For a second, my heart stopped, confused where I was. I blindly felt around, my hands resting on my hardened cot.
I sighed in relief, realizing that I was in my room in the partisan base. I flopped my head back down onto the pitiful excuse I had for a pillow, listening to my heart descending from a thundering hammer to a steady rhythm.
I felt better than I had the previous two days. After we had reached the base, I had made good on my offer. Annette and I had promptly passed out on our cots after quickly checking with Bastien and Maxime, sleeping through most of the 20th.
If I was being bluntly honest, I felt good.
I felt that a massive weight had been lifted off my shoulders, as if I’d passed through a bottleneck. Perhaps it was the fact that I now wasn’t just a soldier opposed to the Nazis; I had physically fought back. Leading, it turned bittersweet.
I fought Nazism, but at the cost of the lives of men and boys.
Cringing, I turned over, not wanting to fall into a trap of self-pity and dubiousness again. I wanted to rest. I listened to the darkness. It was silent.
Annette had probably woken up and gone off somewhere when she should’ve been resting. I laid in silence for a while, trying to motivate myself to get out of my bed. It was rather ineffective until my stomach grumbled and I realized how hungry I was.
I slowly slid out of my cot, stepping into my jackboots and putting on my vest.
Prior to the war, I’d sleep in my boxers (rather unorthodox, for sure) but considering the circumstances, I’d abandoned that habit since becoming a rebel, opting to sleep in my casualwear. Didn’t help my appearance in the slightest, though at least I did get that “scrappy rebel” air, what with my wrinkled outfit and disheveled general appearance.
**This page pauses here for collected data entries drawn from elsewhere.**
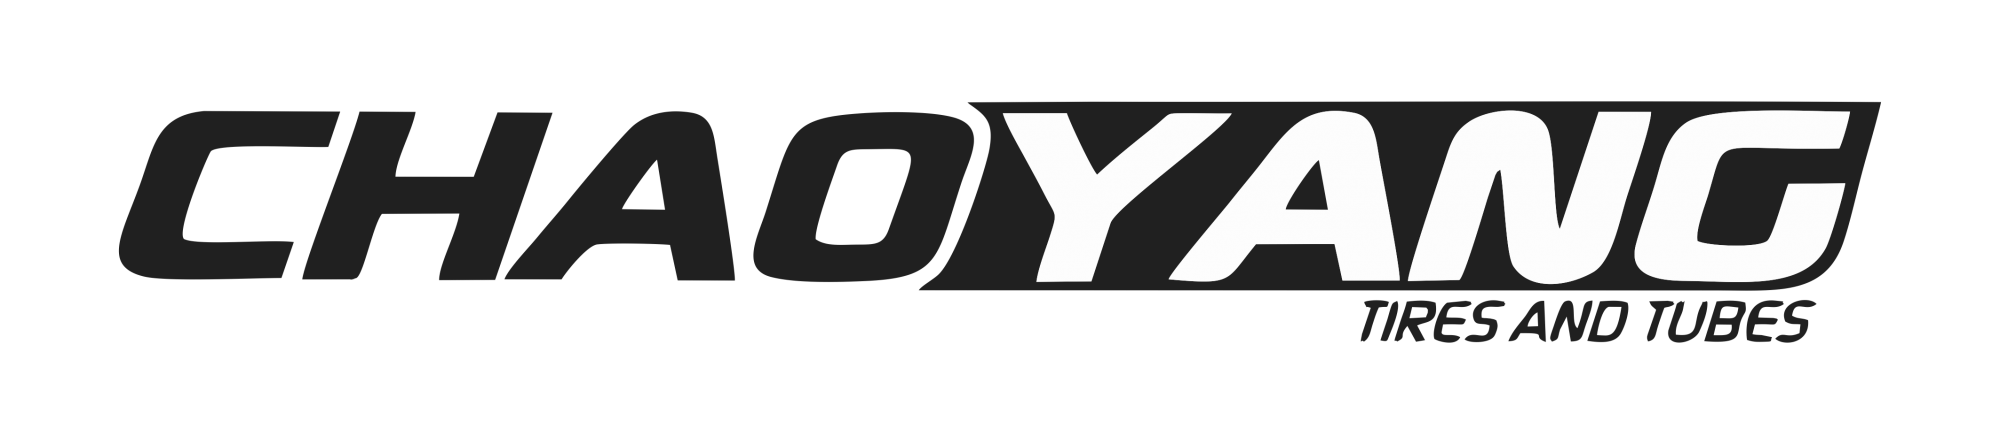 CHAOYANG logo big
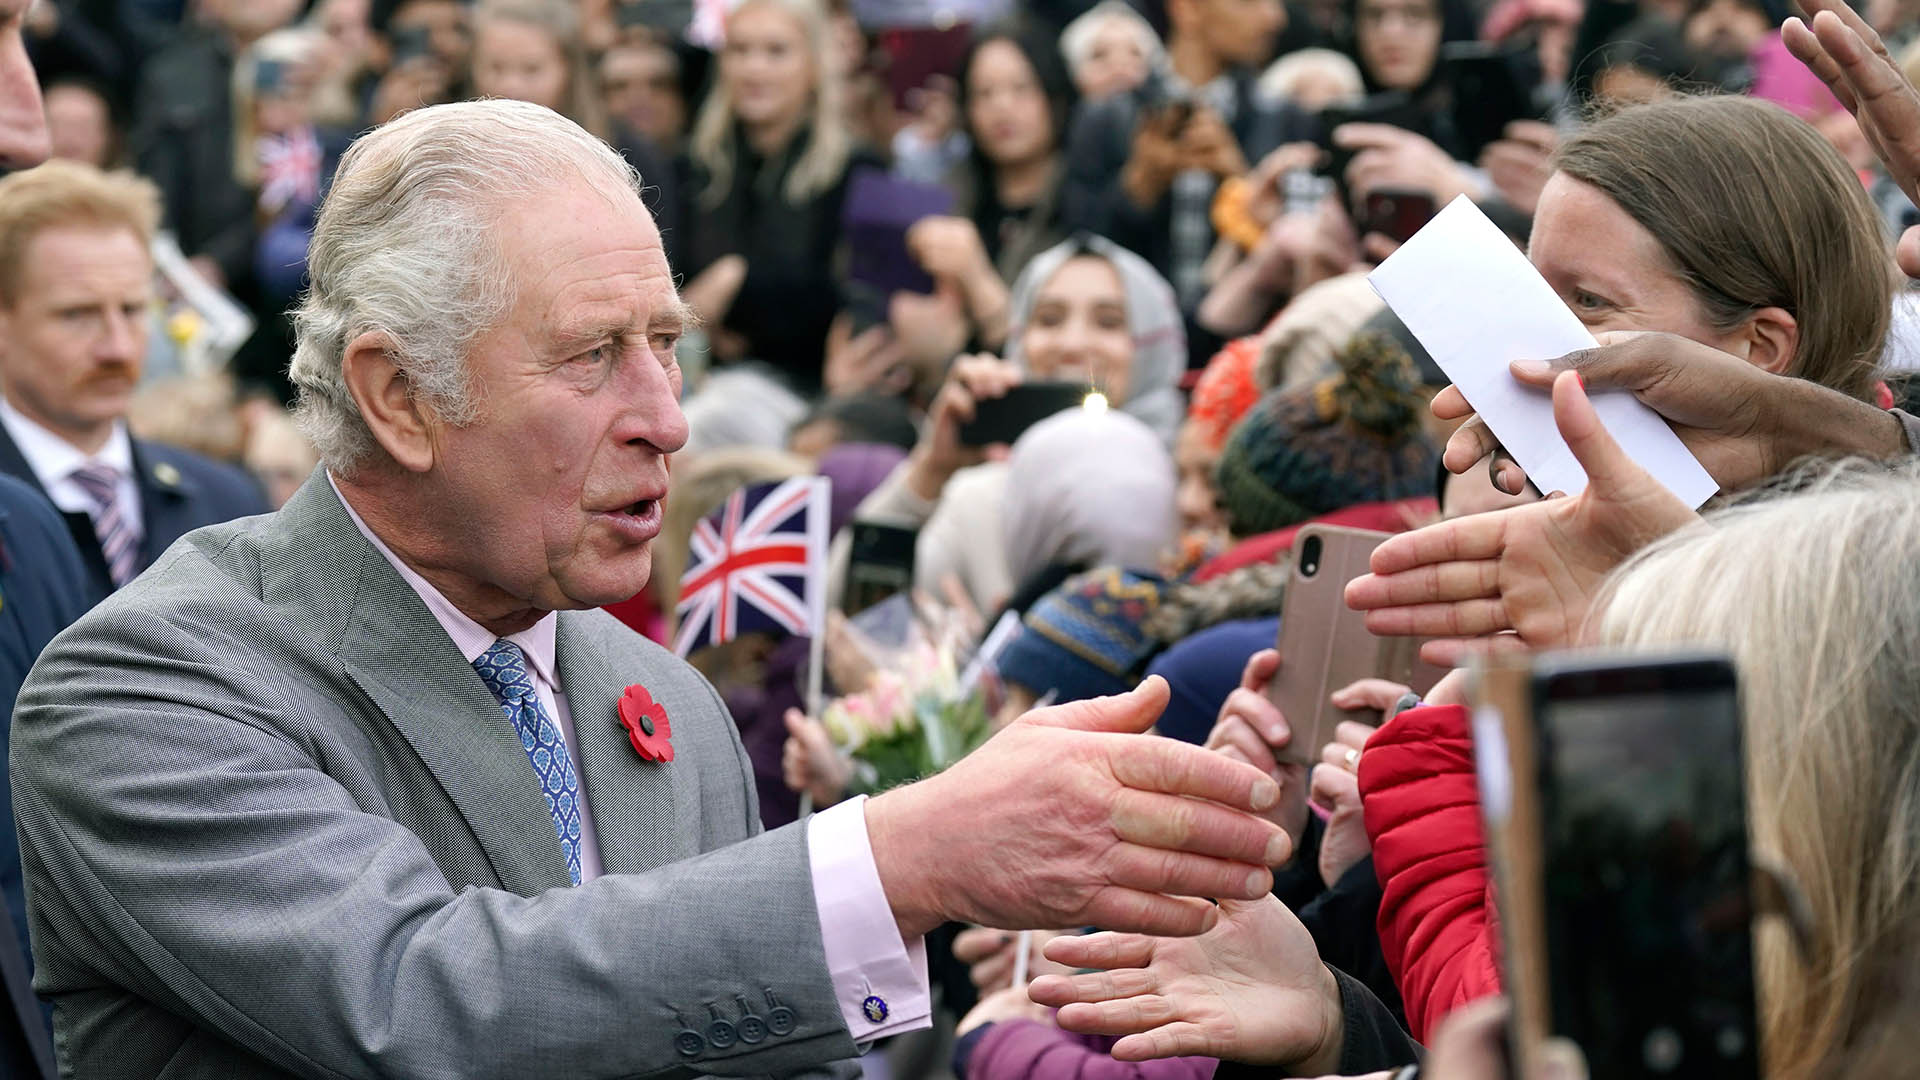 Lanzan huevos contra el rey Carlos III mientras saluda al pueblo: ya hay un detenido
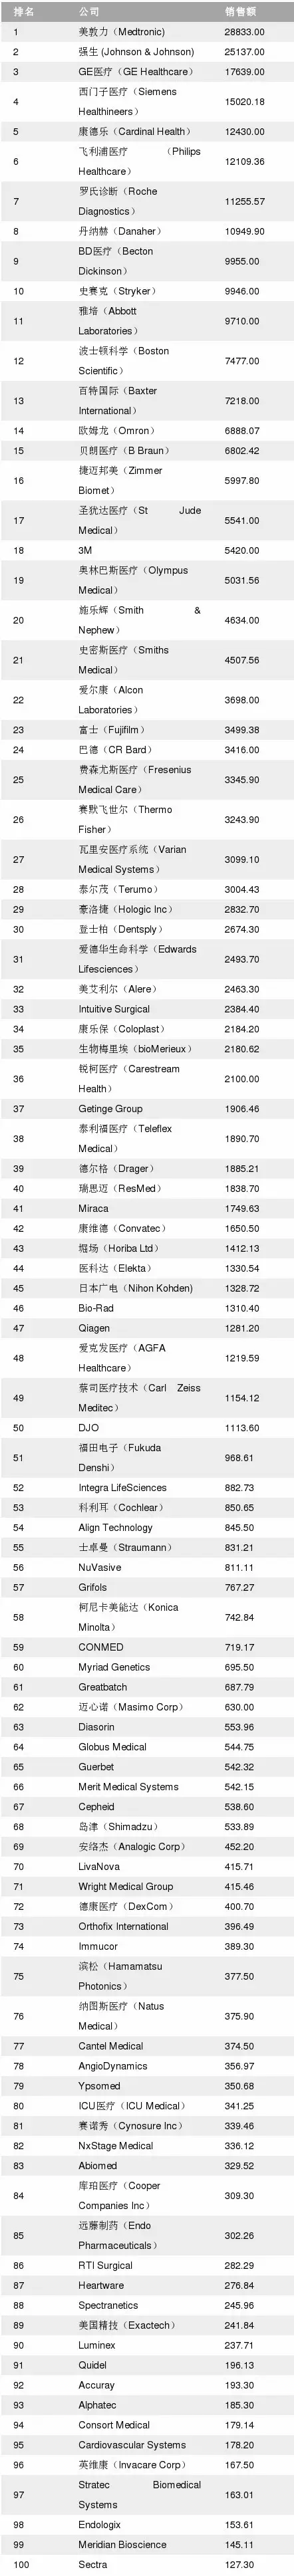 【TOP 100】全球顶级医疗器械厂商排名JBO竞博

Palming my eyes, I stepped out of my room and into the hallway.
It felt weird, honestly. When I had first come here, everything felt so alien and new. The jagged hallways, how part of the concrete walls gave way to ancient bricks and piping, and the makeshift feel that the base emanates.
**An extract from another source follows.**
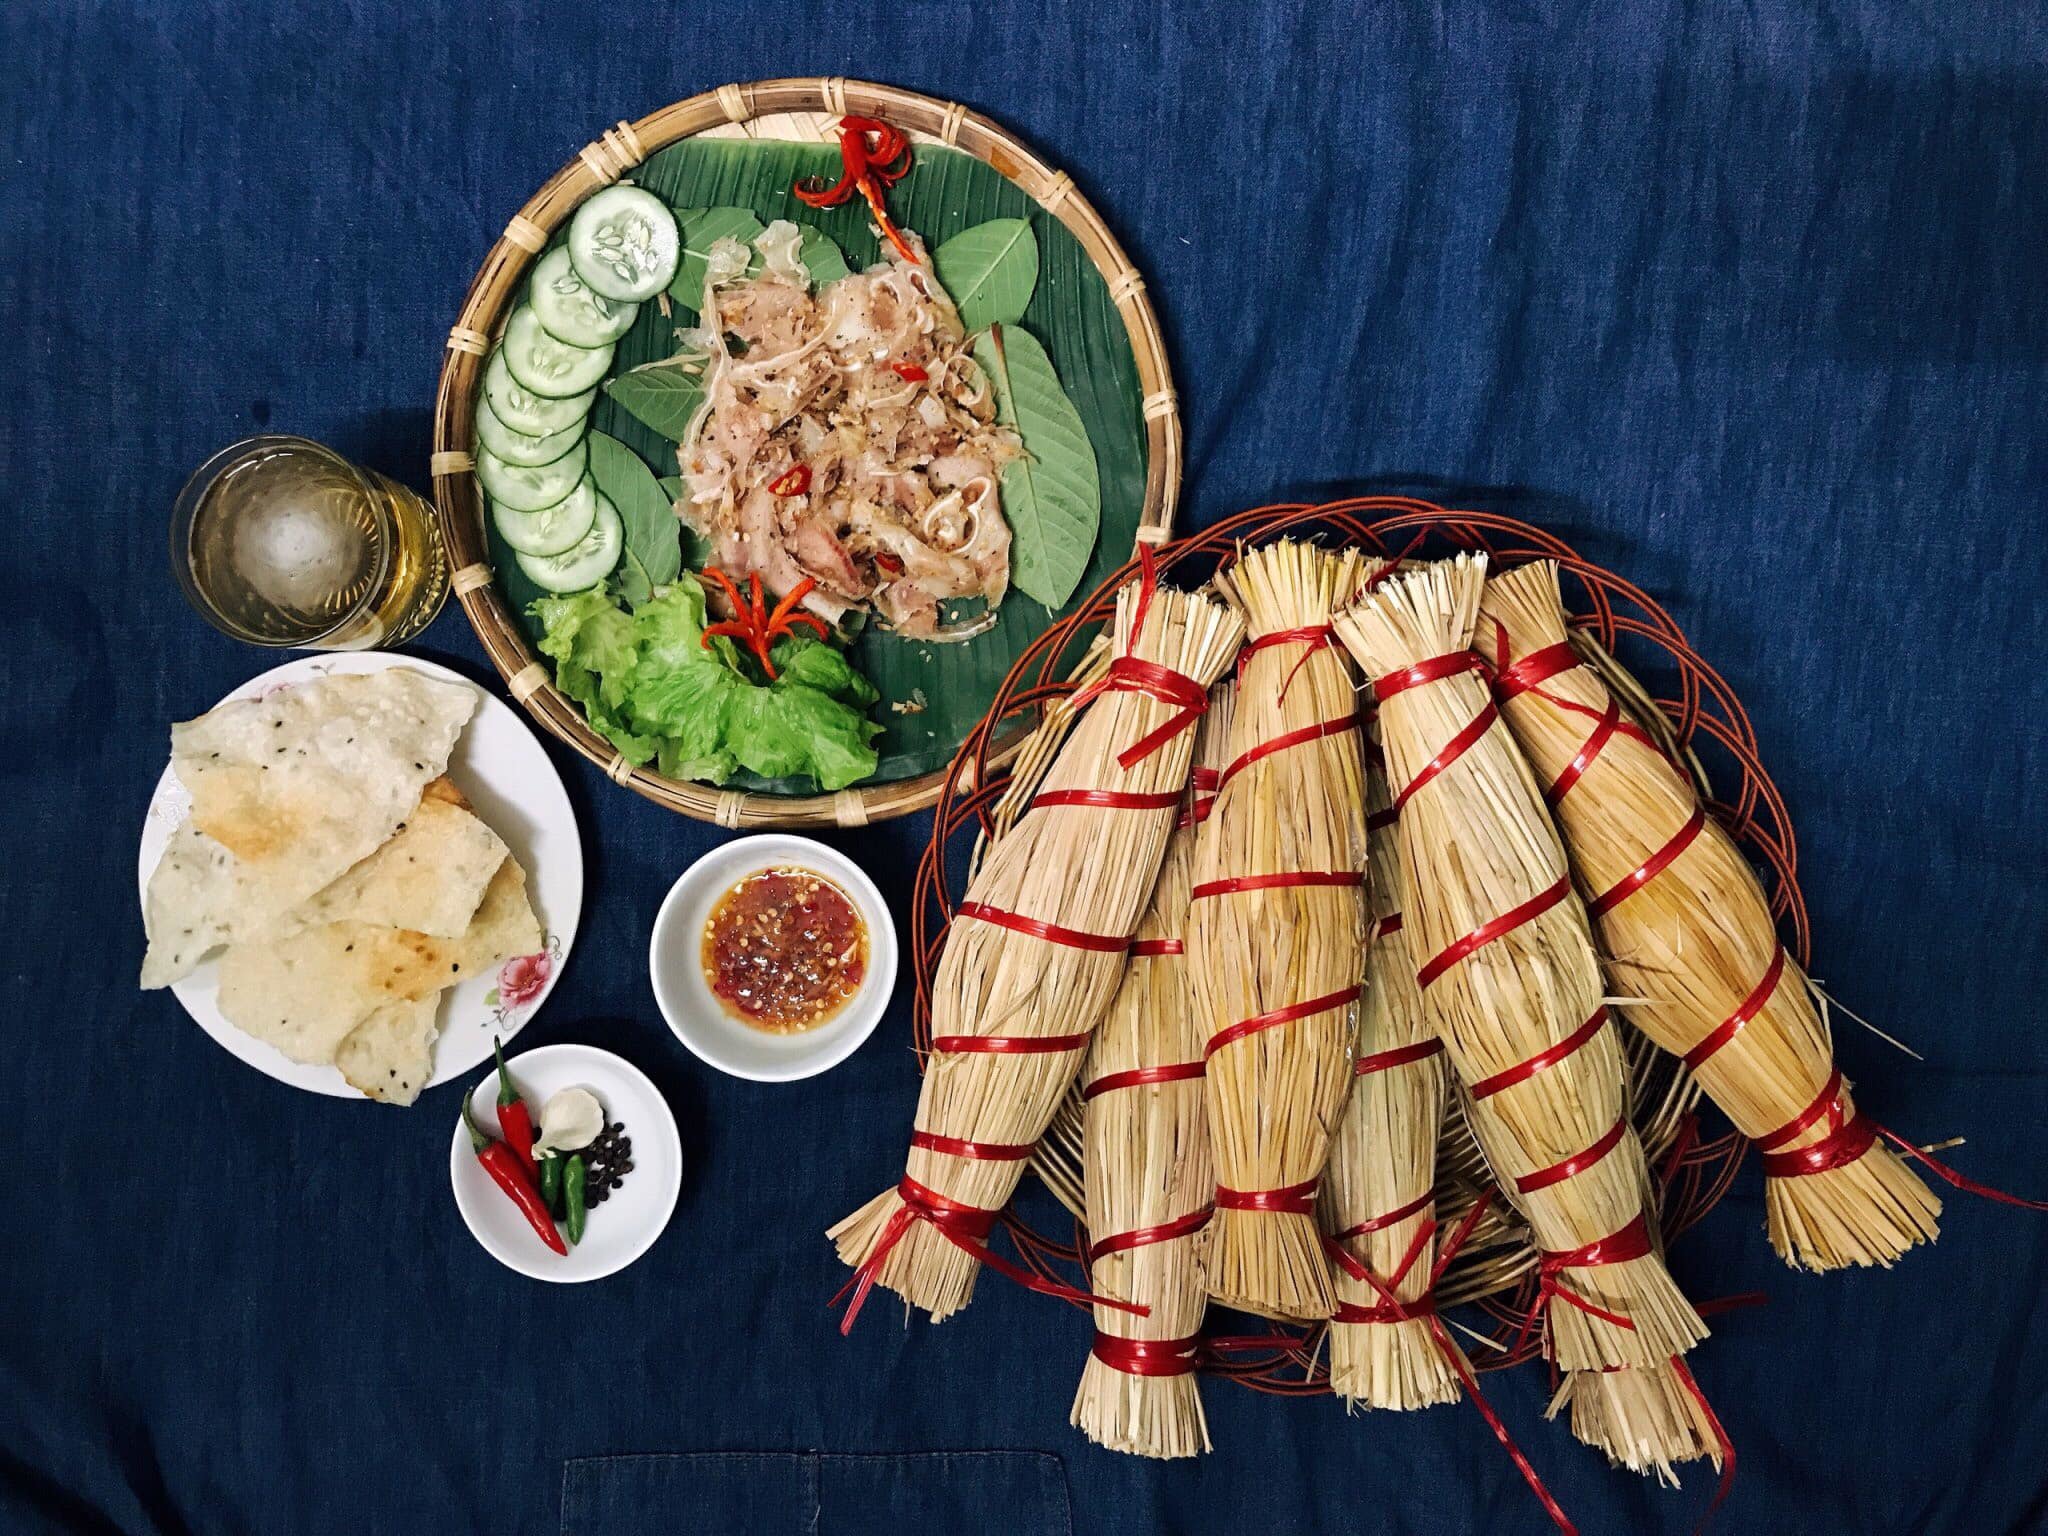 Tré là món ăn đặc sản của miền Trung

Now, it was both home and the outside. Familiar and unfamiliar. I felt a mixture of emotions, staring at the makeshift halls that had been fashioned out of the Parisian underground. Fear, comfort, dread… an erratic cocktail, for sure.
I was safe for the most part, though, and that was what mattered most.
Slowly waking up, I walked over to the cantina. It was a relatively big area, with a few make-shift tables lined up, made of planks, tires, and whatever else they could scavenge. Lots of items were placed up against the walls, though, such as barrels and crates so some people opted to sit there instead.
An area roughly carved into the wall served as the kitchen, with ovens that looked like they were one bang away from falling apart.
They made the food and put it on stolen trays, which were then placed on a table for people to come and grab.
Judging from the smell, they were serving potatoes and canned meat. How did I know it was canned? It was a resistance movement; everything was canned.
Wordlessly, I walked to the kitchen and grabbed a tray. I glanced around the cafeteria, hoping to get a seat at one of the tables.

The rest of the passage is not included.